I'm using external tables to load data from csv stored in a blob to a table in Azure SQL Data Warehouse. The csv uses a string delimiter (double quote), empty strings are represented as 2 double quotes ("").
I want the empty columns to be treated as NULL in the table. The external file format I use is set up with USE_TYPE_DEFAULT = FALSE, but this does not seem to work since empty columns are imported as empty strings. And this only tends to happen when the columns are strings, numeric columns are correctly converted to NULL.
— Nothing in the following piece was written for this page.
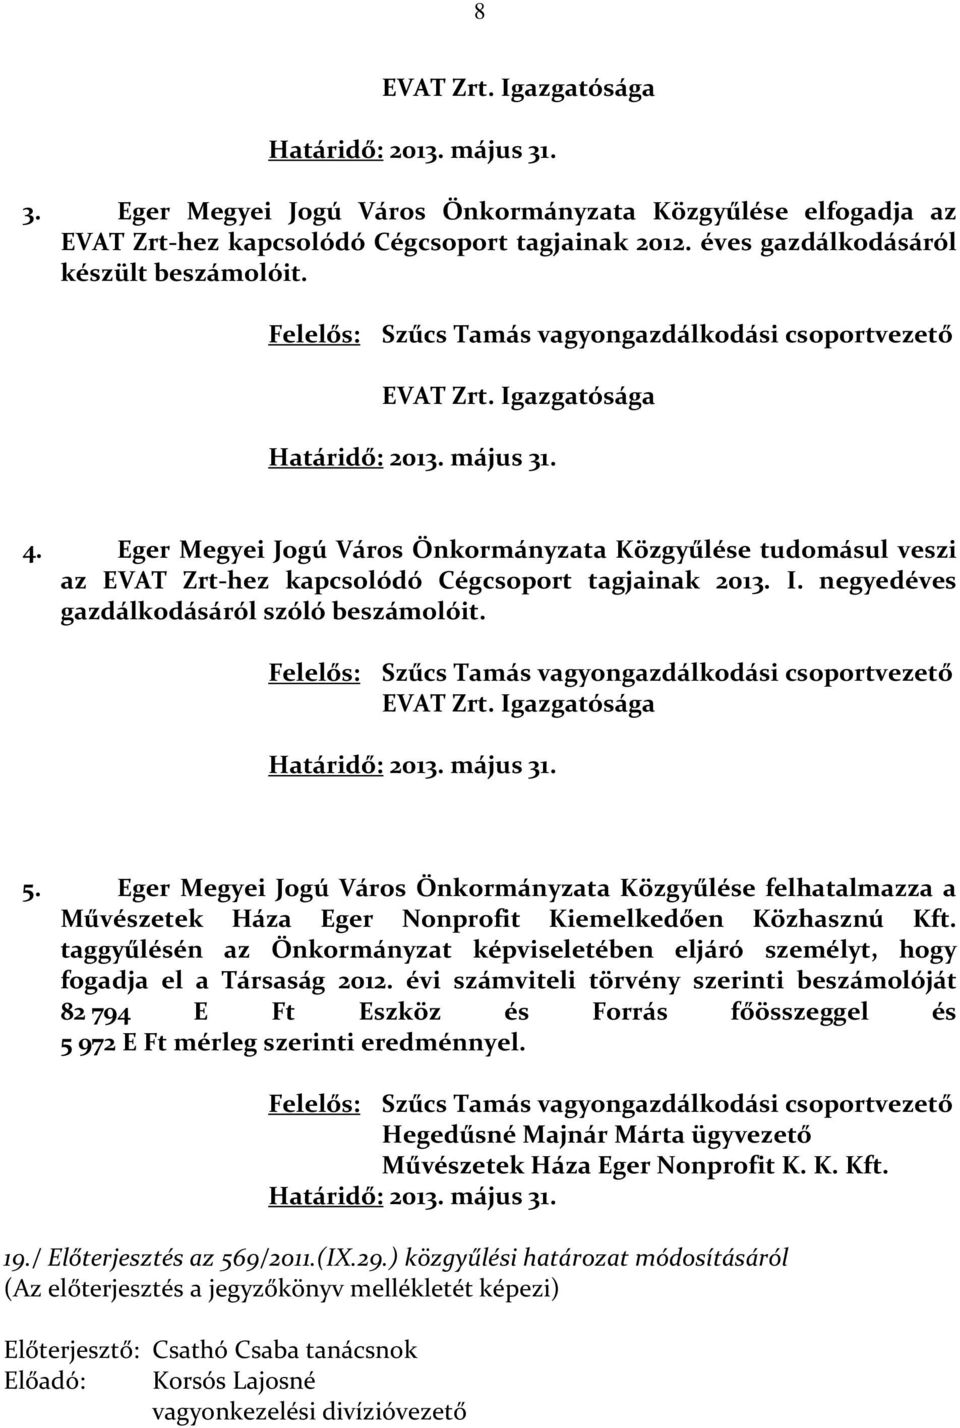 Eger Megyei Jogú Város Önkormányzata Közgyűlése tudomásul veszi az EVAT Zrt-hez kapcsolódó Cégcsoport tagjainak 2013. I. negyedéves gazdálkodásáról szóló beszámolóit.

I'm also importing a different csv which does not have a string delimiter using a different external file format and those empty columns are imported as NULL. So it looks like it has something to do with the STRING_DELIMITER option.
The csv:
col1;col2;col3;col4;col5;col6
"a";"b";"c";"1";"2";"3"
"d";"";"f";"4";"";"6"
The code of the external file format:
CREATE EXTERNAL FILE FORMAT eff_string_del
WITH (
FORMAT_TYPE = DELIMITEDTEXT
,FORMAT_OPTIONS(
FIELD_TERMINATOR = ';'
,STRING_DELIMITER = '0x22'
,FIRST_ROW = 2
,USE_TYPE_DEFAULT = False)
)
Code of the table using the external file format:
CREATE EXTERNAL TABLE dbo.test (
col1 varchar(1) null
,col2 varchar(1) null
,col3 varchar(1) null
,col4 int null
,col5 int null
,col6 int null
)
WITH (
DATA_SOURCE = [EDS]
,LOCATION = N'test.csv'
,FILE_FORMAT = eff_string_del
,REJECT_TYPE = VALUE
,REJECT_VALUE = 0
)
The result when querying the external table:
SELECT *
FROM [dbo].[test]
col1 col2 col3 col4 col5 col6
---- ---- ---- ----------- ----------- -----------
a b c 1 2 3
d f 4 NULL 6
Can someone please help me explain what is happening or what I'm doing wrong?